I would like to turn around the way we view respite for people with a disability and their families. Respite must be normalised. By that I mean that, instead of formalising respite by taking the person with a disability out of the family and into a structured, inflexible program or service, we need to look at how other families achieve respite from each other—the Saturday afternoon golf and so forth that I was talking about before. We need to bring respite into the family, to weave respite into normal everyday life for families that include a person with a disability—just like other families do. Most families do not see the natural breaks that they have from each other as respite because they have functioning and supported lives. For families caring for a person with a disability there may well be very little support. Families can live very isolated lives, but the provision of respite services does nothing to assist this. Taking the person with a disability away does not diminish their social isolation within their local community and it brings nothing new into the lives of the families and the parents.

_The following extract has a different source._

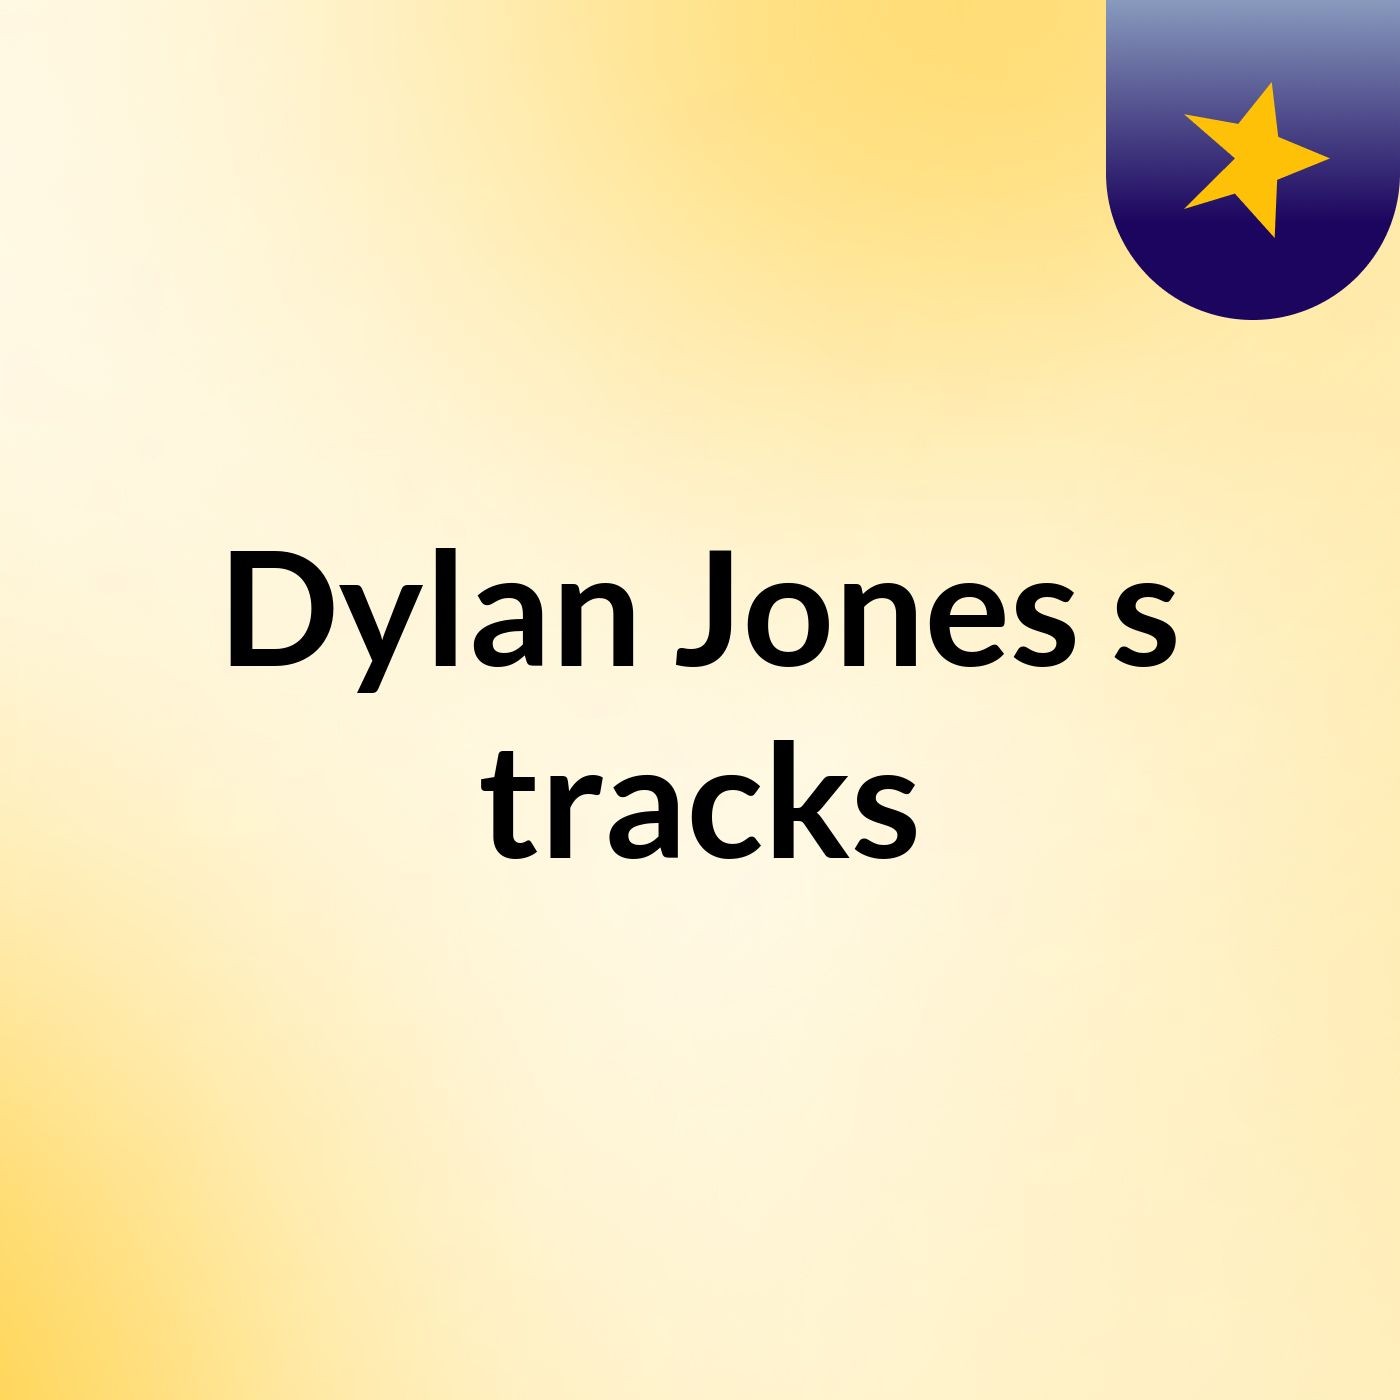 Dylan Jones's tracks

I truly appreciate that there are many families desperately in need of support in their full-time care of a loved one with a disability. But respite, as the term is currently understood, is not the answer. The answer is to build opportunities for rest, recovery and stimulation into the everyday lives of these families. And this is not best done in a bricks and mortar respite centre away from the local community and away from the family home for slabs of time. It is best done by supporting the rhythms of everyday life, of ordinary life—perhaps someone who can assist at mealtimes, perhaps someone to come to the house to offer art or music classes while the rest of the family go about what they would like to do, perhaps someone to accompany the family on holidays so everyone gets a break.

Currently, much respite simply helps dysfunctional families to remain dysfunctional: they are not quite in crisis, but they are on the verge of it. If we continue to provide respite by making it a fix that goes outside the network, outside the family and which does nothing to help build social relationships and community relationships for these families and for these people, then we just continue this cycle. We do nothing to improve the lives of the person with a disability; we do nothing to improve the community connections and the relationships of the other family members within this situation. To me, the more normal we can make respite services, the better and more long-lasting the benefits for families will be. I encourage any organisation—I particularly encourage smaller organisations—to consider applying to offer the respite services under the government round of funding that is currently available. But I would ask them to look at this in terms of how you might bring respite into a family’s life, not take a person out of the family to offer them respite. We can make some big advances in improving overall lives, not just having little fixes that improve things for that instant but do not improve things overall.